Making things even worse is the thankless nature of the job. As “pager rotations” are an accepted part of the job and our industry’s culture, no one commends people for taking the weekend call, but they certainly do chastise you for missing it.
So, what’s really going on here? More important, what can we do about it and how can New Relic help? These three points can help put things in perspective:
1. Security that gets in the way isn’t doing its job
My friend’s issues were exacerbated by cumbersome security measures. He literally was unable to access a VM because he mistyped his password once! He couldn’t double hop on the VPN, so he was required to continuously keep track of and connect to multiple isolated networks—one by one—to get tiny pieces of a massive puzzle.
This issue persisted for longer than it needed to because antiquated security measures were prioritized above empowering employees to do their job and fix customers’ issues. Congratulations—your data is so locked down your employees can’t access it when needed. You’ve won the “I Suck at Business” award!

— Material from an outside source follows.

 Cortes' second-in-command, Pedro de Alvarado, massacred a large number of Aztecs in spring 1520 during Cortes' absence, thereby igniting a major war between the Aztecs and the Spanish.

2. Company “innovation” initiatives often don’t address the real issues
I keep hearing about the importance of “Digital Transformation,” but many times the real problem isn’t transitioning to digital, it’s dealing with the fallout from your crappy, rushed digital business implementation from years ago. Too often, top-down edicts to move to the cloud or containers or DevOps are merely half-baked promises of a “silver bullet” to solve years of technical debt, rushed implementations, and bad decisions.

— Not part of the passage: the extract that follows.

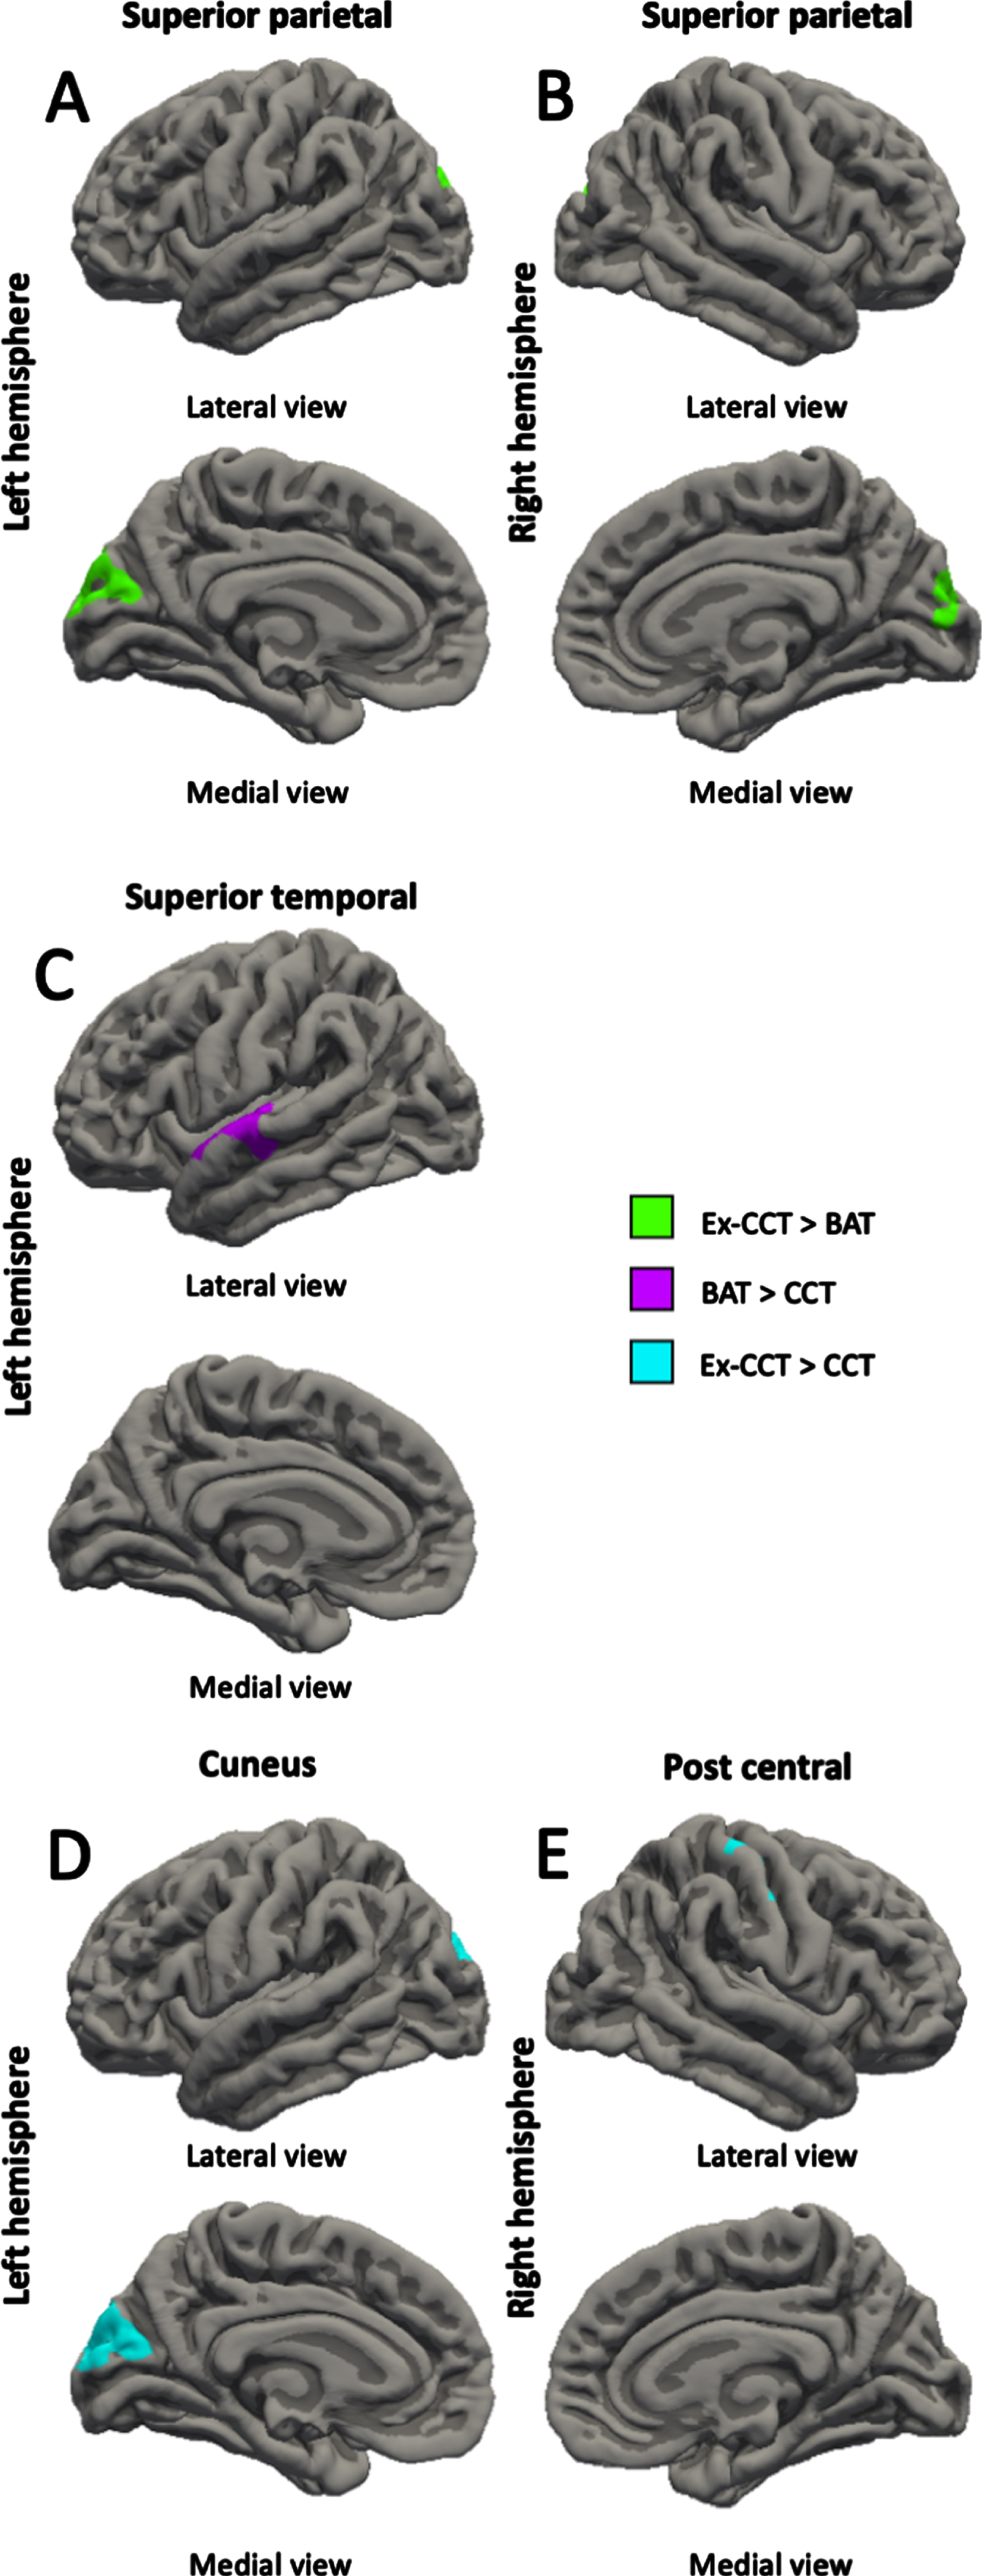 Between-group differences (α< 0.05) in: A) left superior parietal thickness; B) right superior parietal thickness; C) left superior temporal thickness; D) left cuneus thickness; and E) right post central thickness, controlling for age, sex, and MoCA.

My friend complained that his company’s big central pushes to “modernize” felt like lip-service. Too often, they lacked quantifiable measures of success (or failure) and ended up being abandoned halfway through in favor of direct differentiated value projects. In many cases, that left things in worse conditions than before the effort started.
3. Execs may not see the problems
My friend stressed how concerned he was about the quality of his company’s products and how difficult they were to maintain. But he felt that top brass often refused to acknowledge the problem, either out of ignorance or willful disregard.

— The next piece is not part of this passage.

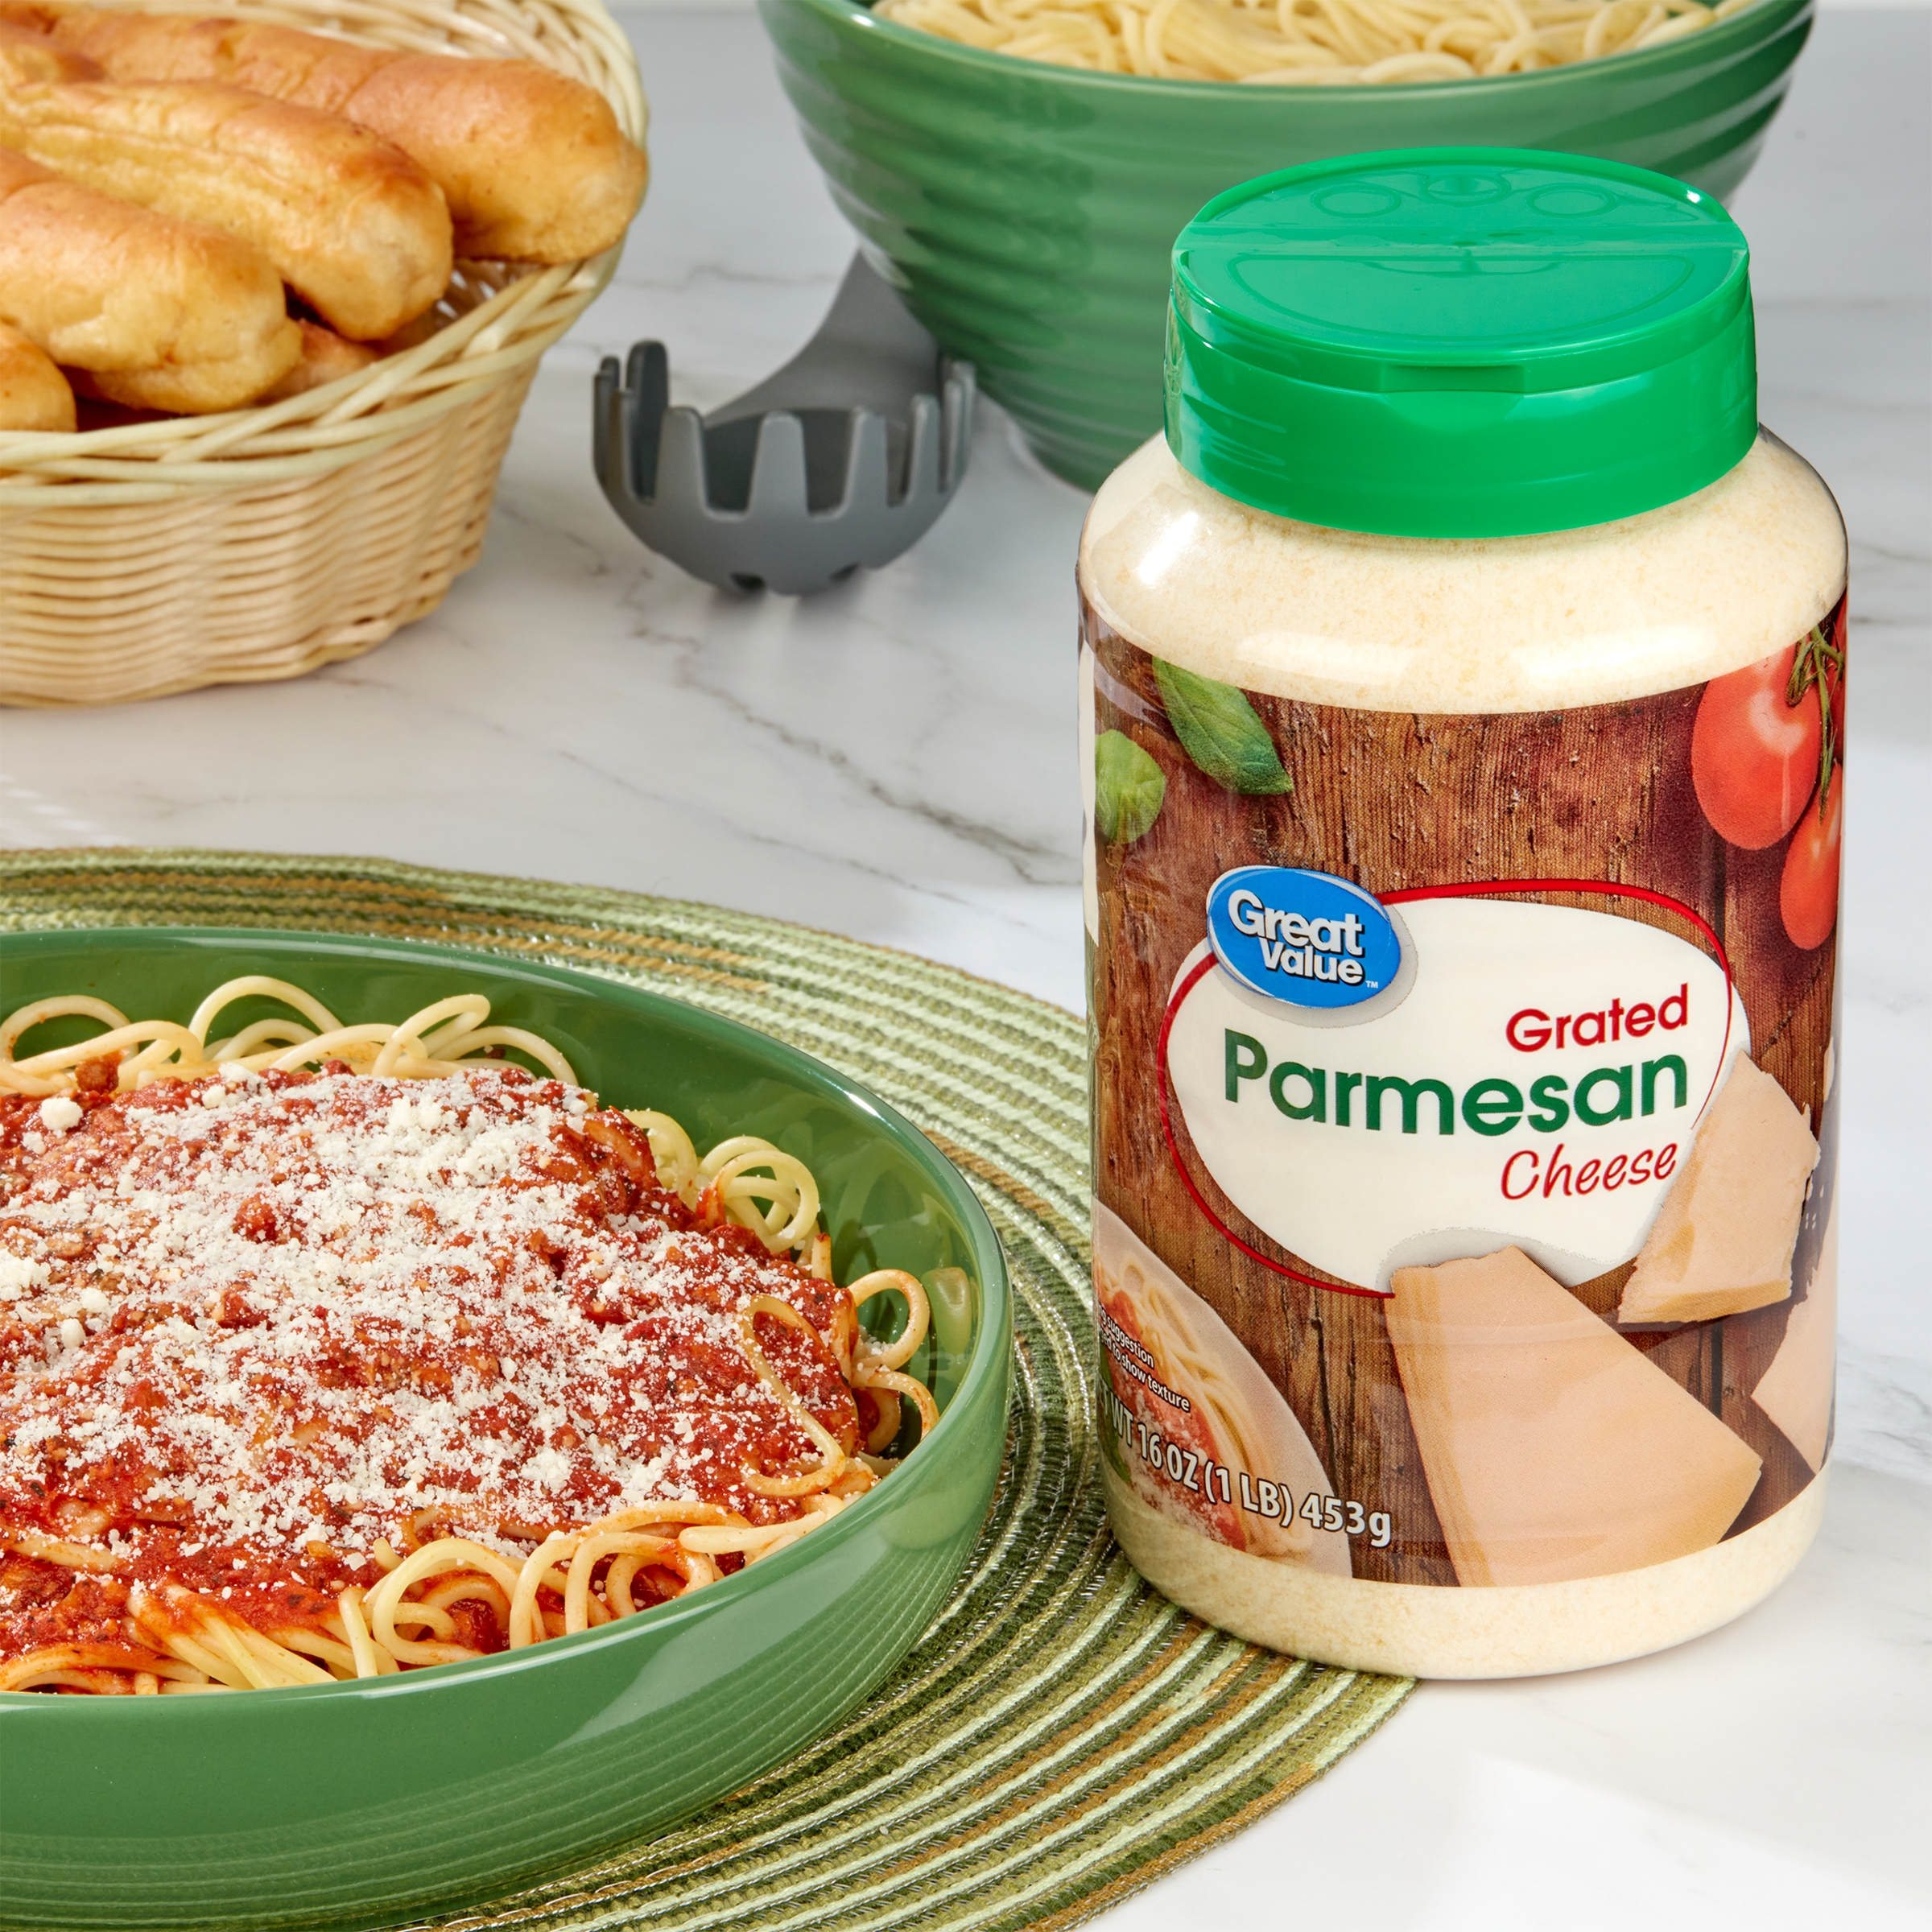 Great Value Grated Parmesan Cheese, 16 oz Bottle - image 2 of 7

Sure, in the real world stuff has to get done and sometimes doing it quickly and poorly is the only viable approach. Unfortunately, though, it’s people like my friend who lose their Saturdays because of it. The people on the ground pick up the slack, feel the pain, and desperately need the solution. CTOs and IT directors and other bigwigs need to understand that meeting their numbers ultimately boils down to empowering boots on the ground to do their jobs well.
How New Relic can help
New Relic is already dedicated to solving these exact kinds of problems. I literally (and a bit smugly) showed off New Relic on my phone while my friend was fumbling to debug his issues. “Oh, check it out, here is every exception thrown in production by our main web app. Whoa, our transaction times have gotten a lot faster in the last year! Man, that database query looks complex, good thing it’s performing so well and we don’t have to drill into it.”
If my friend would have had New Relic, he would have gotten his Saturday back. His customers would have had a better user experience, faster. His company would likely have had a higher revenue and his CTO/IT Director would have had improved metrics to present to shareholders.
New Relic provides value on a lot of levels, but we will never lose sight of the people we have always served so well: the “fingers on keyboards” folks who support the business on their shoulders!